Without the pictures, set down every line of the data exactly.

● **Data extract**
________________________

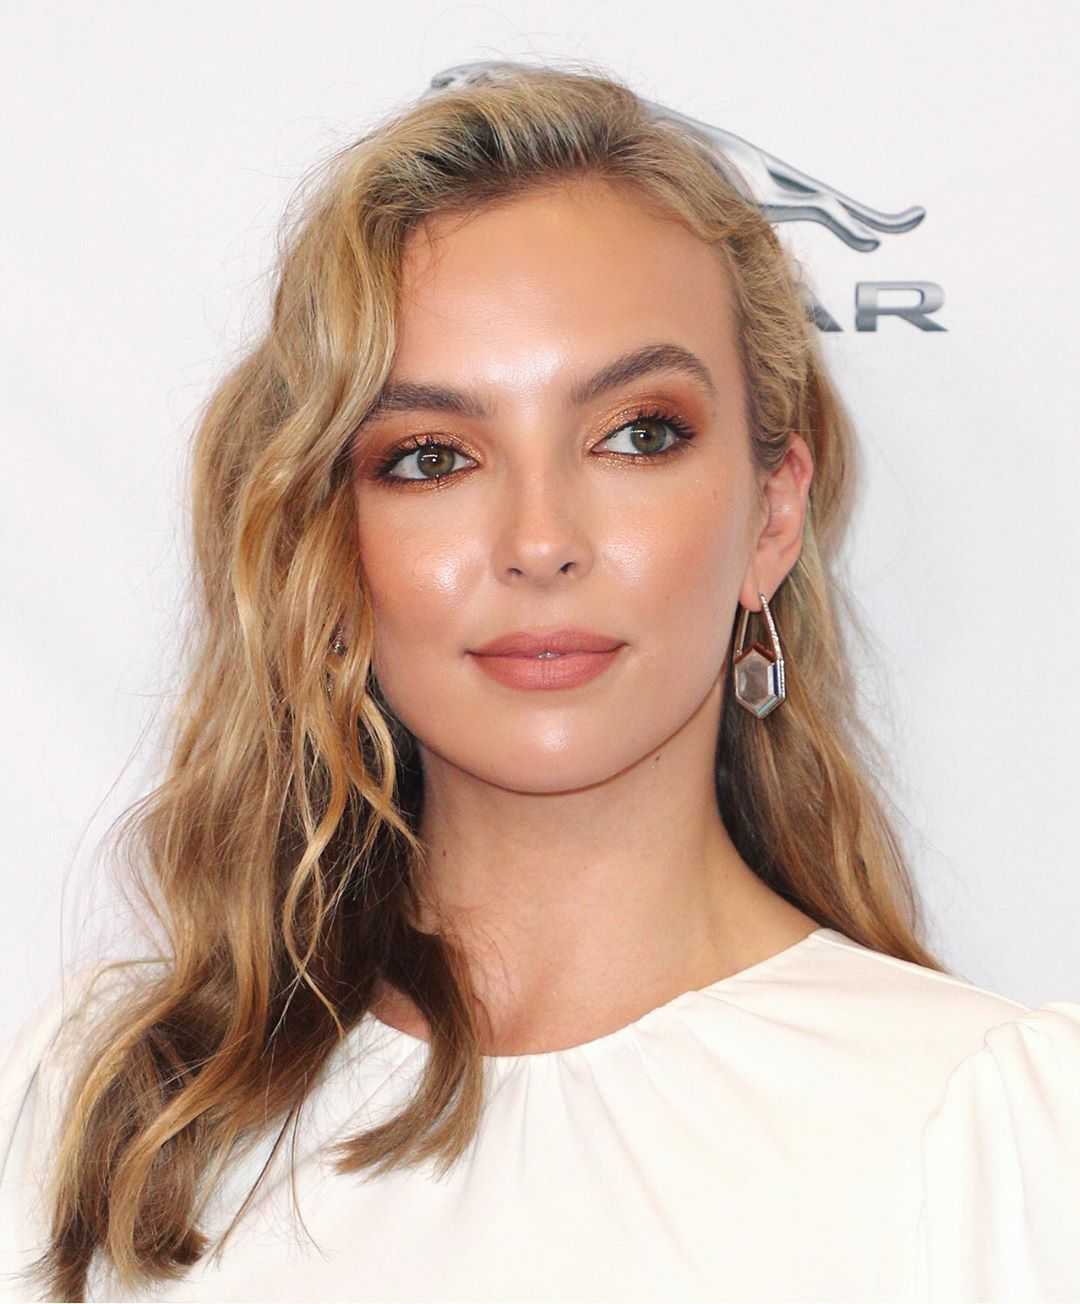 70+ Hot Pictures Of Jodie Comer Which Will Make You Sweat All Over 161
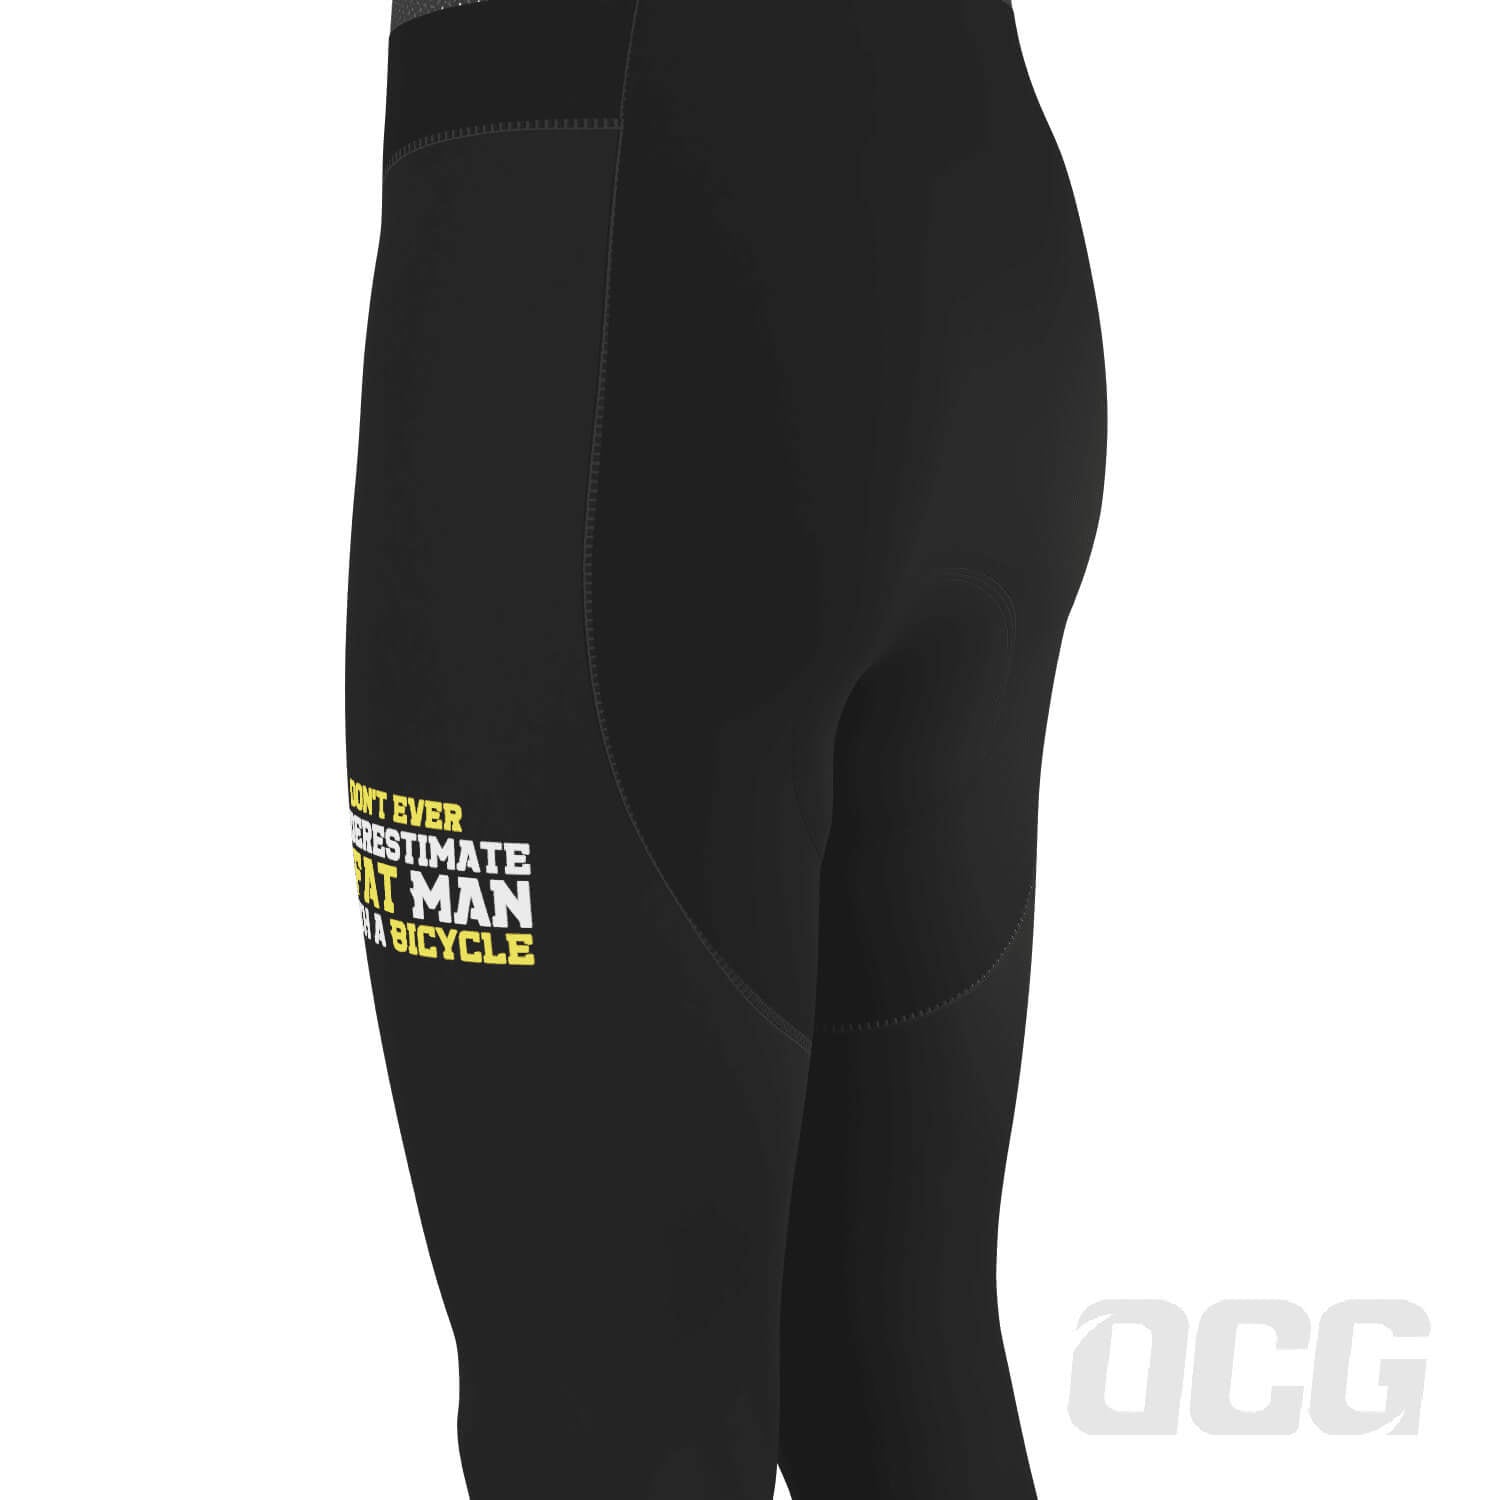 Men's Don't Ever Underestimate a Fat Man Gel Padded Cycling Bib-Tights
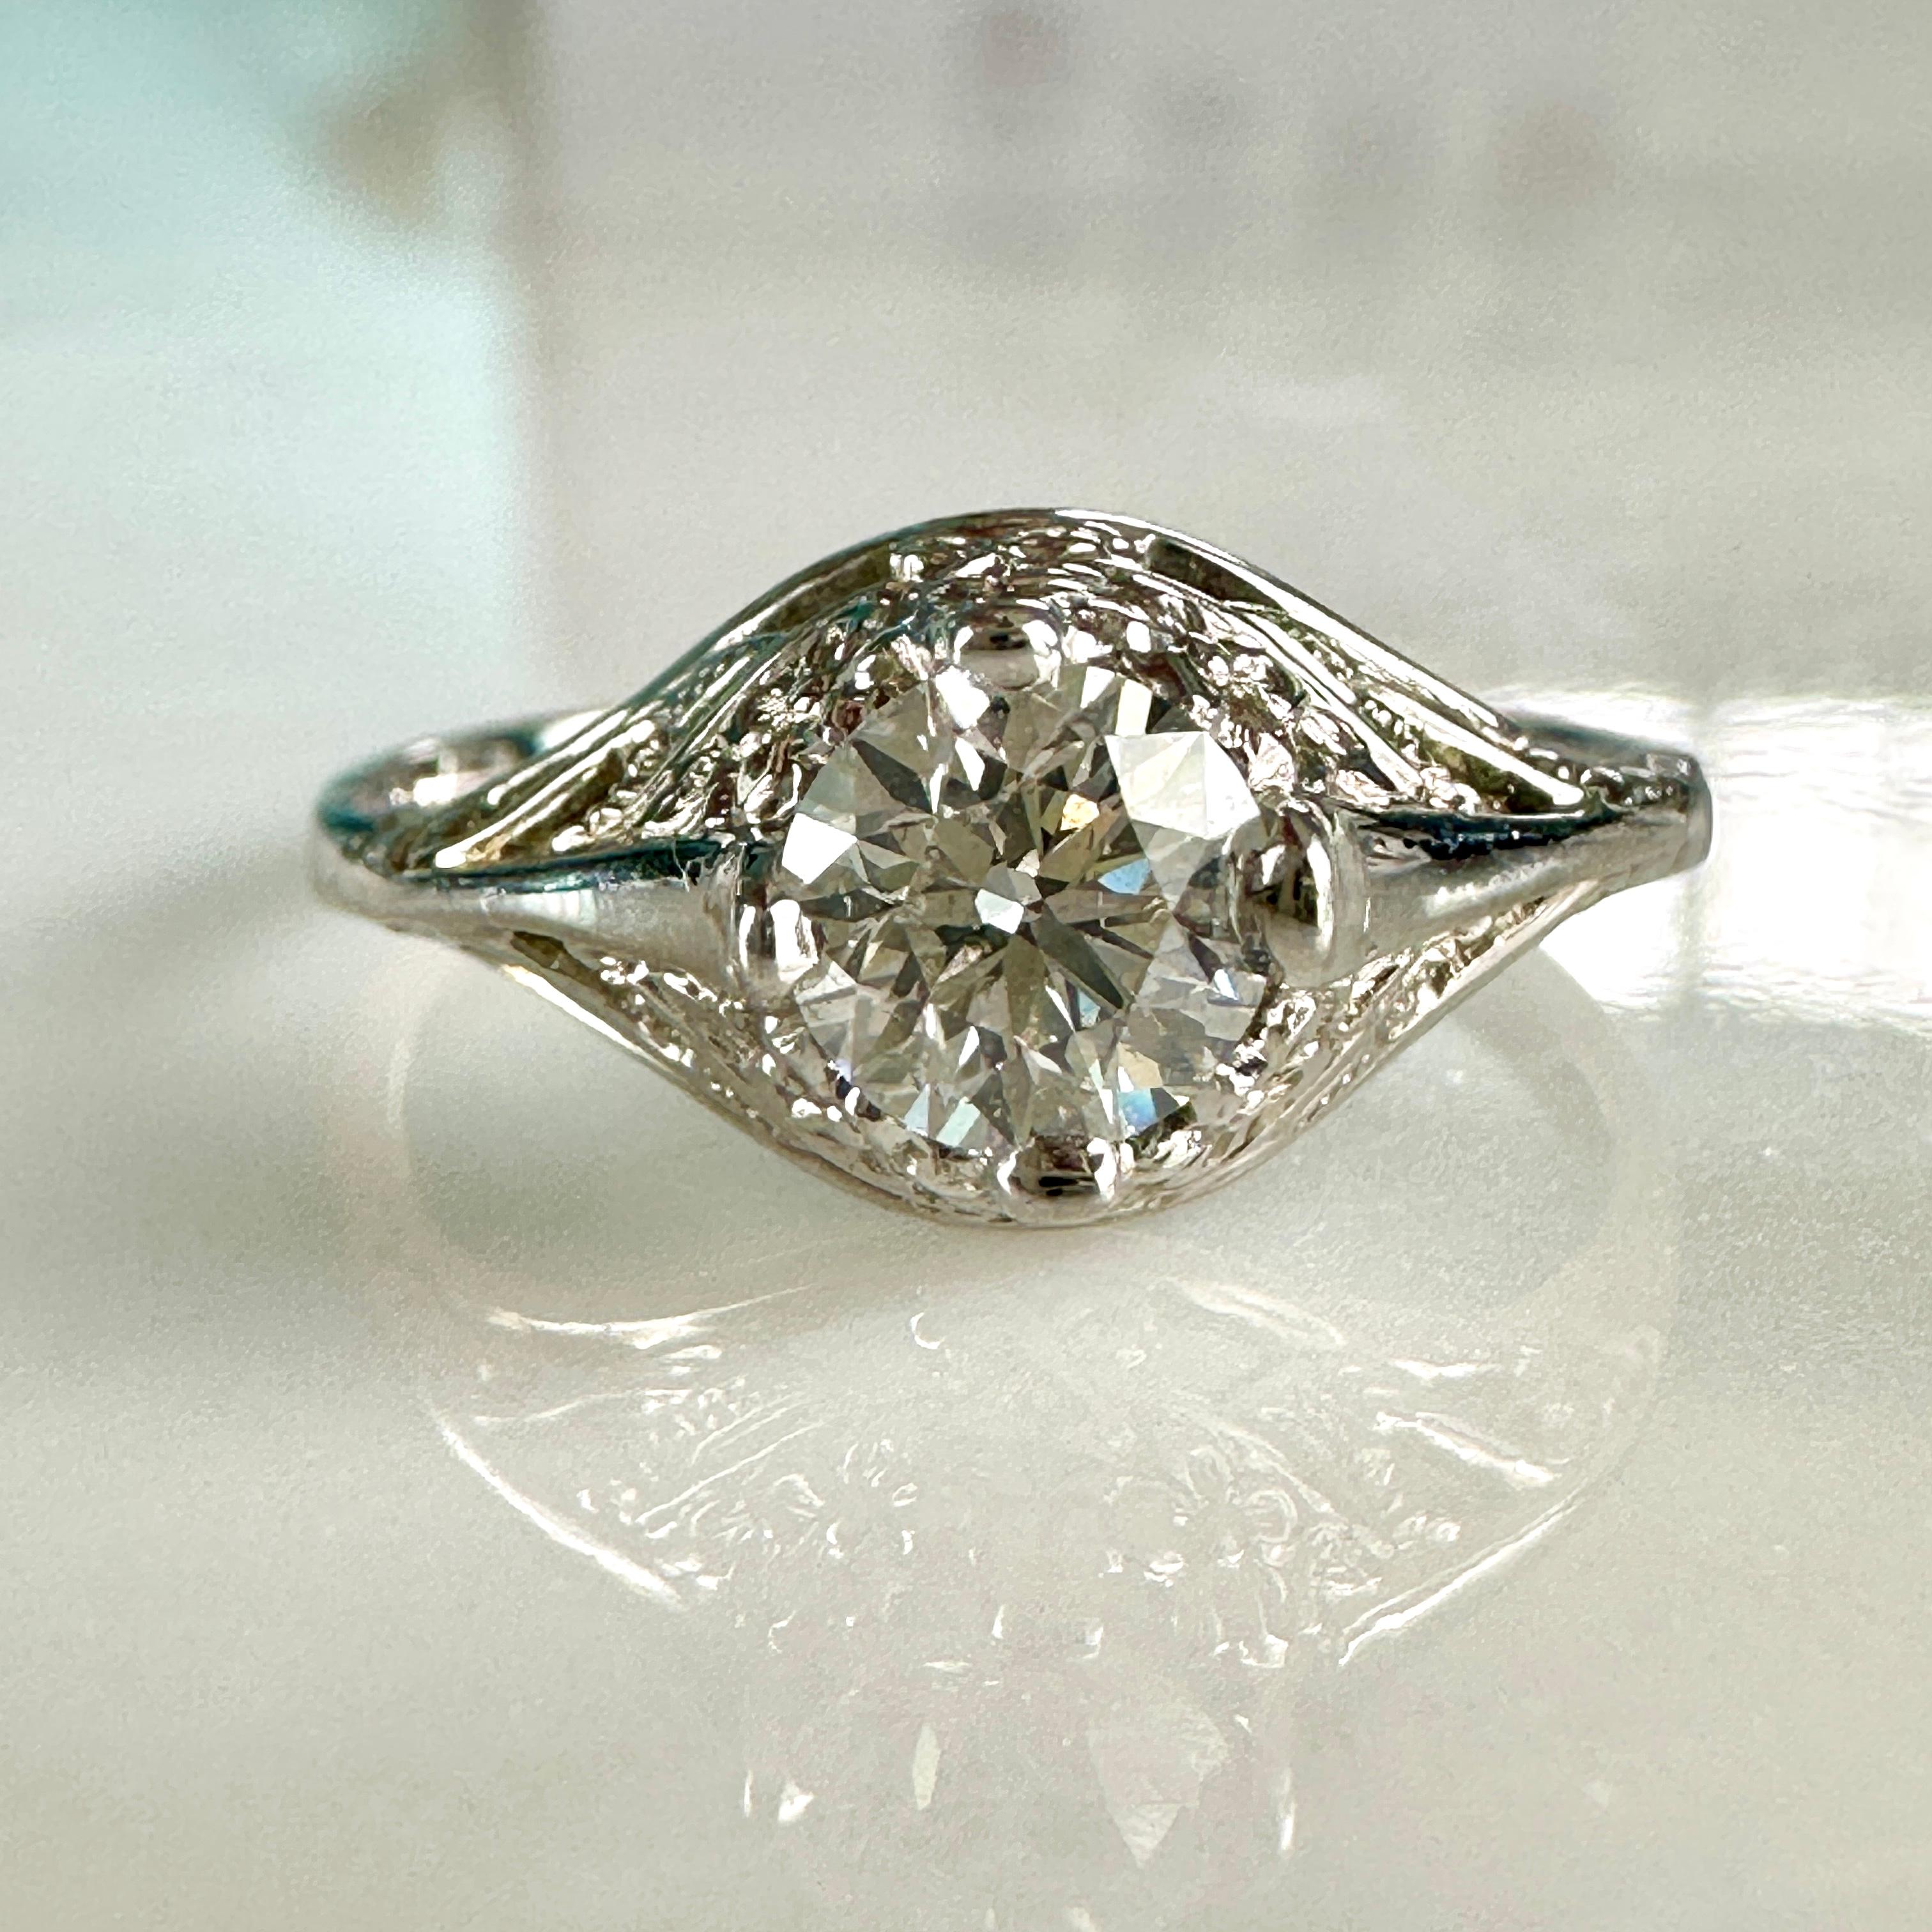 Details:
Pretty 14K white gold filigree  1/2 carat diamond ring from the 1920's! The filigree has beautiful sweet flowers in the 14K gold. The height of the ring sits up 5.6mm, and the diamond measures 5.25mm round. This ring has an appraisal.

________________________

● **Answer to this exercise**
 70+ Hot Pictures Of Jodie Comer Which Will Make You Sweat All Over 161
 Men's Don't Ever Underestimate a Fat Man Gel Padded Cycling Bib-Tights
 Details:
Pretty 14K white gold filigree  1/2 carat diamond ring from the 1920's! The filigree has beautiful sweet flowers in the 14K gold. The height of the ring sits up 5.6mm, and the diamond measures 5.25mm round. This ring has an appraisal.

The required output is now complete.